Mike Rehmus February 5th, 2004 10:45 PM

That's not what Sony says. They say it is because of improvements in the DSP IRC. They said there were no CCD changes.

Doug Okamoto February 6th, 2004 04:54 AM

<<<-- Originally posted by Mike Rehmus : That's not what Sony says. They say it is because of improvements in the DSP IRC. They said there were no CCD changes. -->>>

Hi Mike how ya doing?

When I talked to a Sony person at DV Expo he did state that the PD170 had the Advanced HAD CCD's (and all their literature states that as well) which is fairly recent technology. Are you saying that Sony put new technology onto an old chip design without doing anything to the chips? Inquiring minds want to know! :)

Doug

Law Tyler February 6th, 2004 09:44 AM

Yeah, all I want to know is under the exact same lighting level, are the pictures improved on the 170?

Actually I have a 250 and a VX2100, but haven't done any test. Seems pretty close to me.

Mike Rehmus February 6th, 2004 12:49 PM

<<<-- Originally posted by Doug Okamoto : <<<-- Originally posted by Mike Rehmus : That's not what Sony says. They say it is because of improvements in the DSP IRC. They said there were no CCD changes. -->>>

Hi Mike how ya doing?

When I talked to a Sony person at DV Expo he did state that the PD170 had the Advanced HAD CCD's (and all their literature states that as well) which is fairly recent technology. Are you saying that Sony put new technology onto an old chip design without doing anything to the chips? Inquiring minds want to know! :)

Doug -->>>

Doug,

I read that in a Sony press release. It could have been wrong info but they were very specific that the Optical Block had not changed and the improvements were downstream in the image processing bits.

From what I've seen in comparisons between the 150 and the 170, the difference is only in the level of noise present in the image. The 170 image is not lighter as you would expect if the CCDs actually got more sensitive.
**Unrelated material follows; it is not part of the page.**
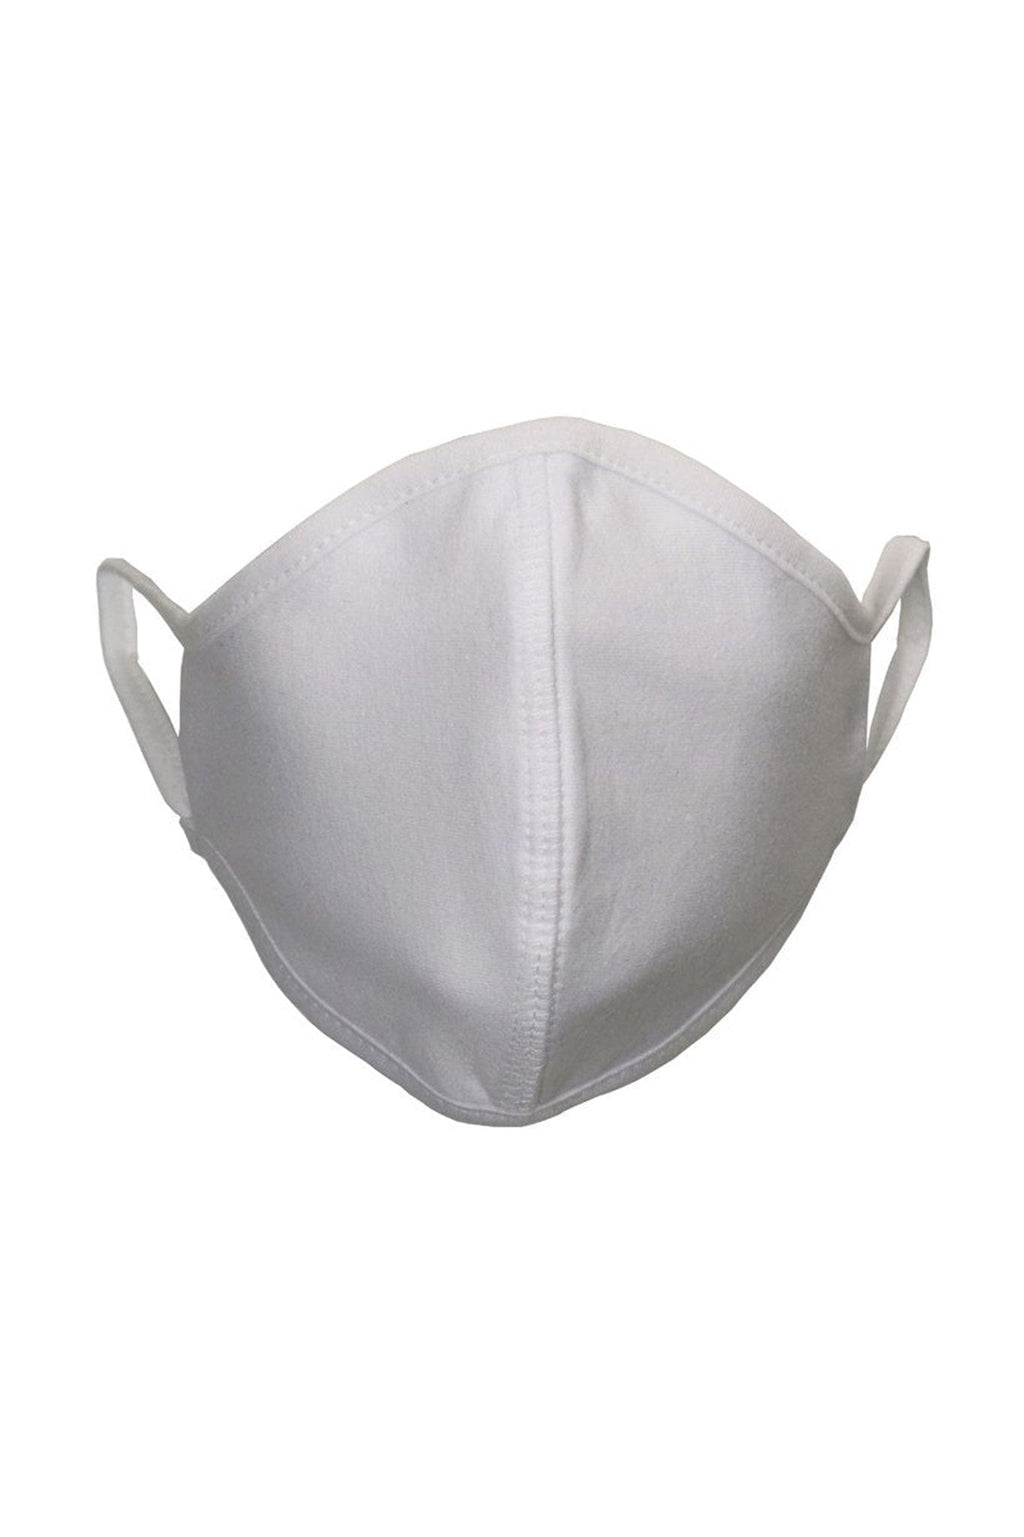 Fabric mask - White (organic cotton)

All Sony claims is that the noise floor is lower and that allows them to SPEC the camera at 1 Lux.

Alan Christensen February 6th, 2004 01:02 PM

Mike's observation about it being a noise floor improvement jives with some low light experiments that I have done with my 2100 vs my 2000. The 2100 picture is not brighter in very low light, but it does have less noise. This noise advantage persists for a little while as small amounts of light are added, but then disappears as the light level increases to the point where the noise disappears on the 2000.

Law Tyler February 6th, 2004 03:27 PM

In that case, then couldn't some software processing on the computer improve the 150 footage? Would be nice, even though 150 is pretty good most of the time.

Alan Christensen February 6th, 2004 04:28 PM

Yes, you can post process noisy video and improve its appearance. For example, applying the "deflicker" setting to a clip in Premiere will remove noise at the expense of some blurring of the horizontal edges. There are specialty software programs that do this even more effectively for still pictures using custom noise profiles for each type of digital camera. They seem to work somewhat better than running a simple noise filter in Photoshop. (They remove noise without getting as much blurring of the edges as you do with simple filters.) Perhaps Sony is doing something along this line, using the noise characteristics of the sensors to eliminate noise to the greatest extent possible. I'm sure a similar thing could be done in post processing. However, the amount of time that it might take to do this sophisticated processing frame by frame might be exhorbitant.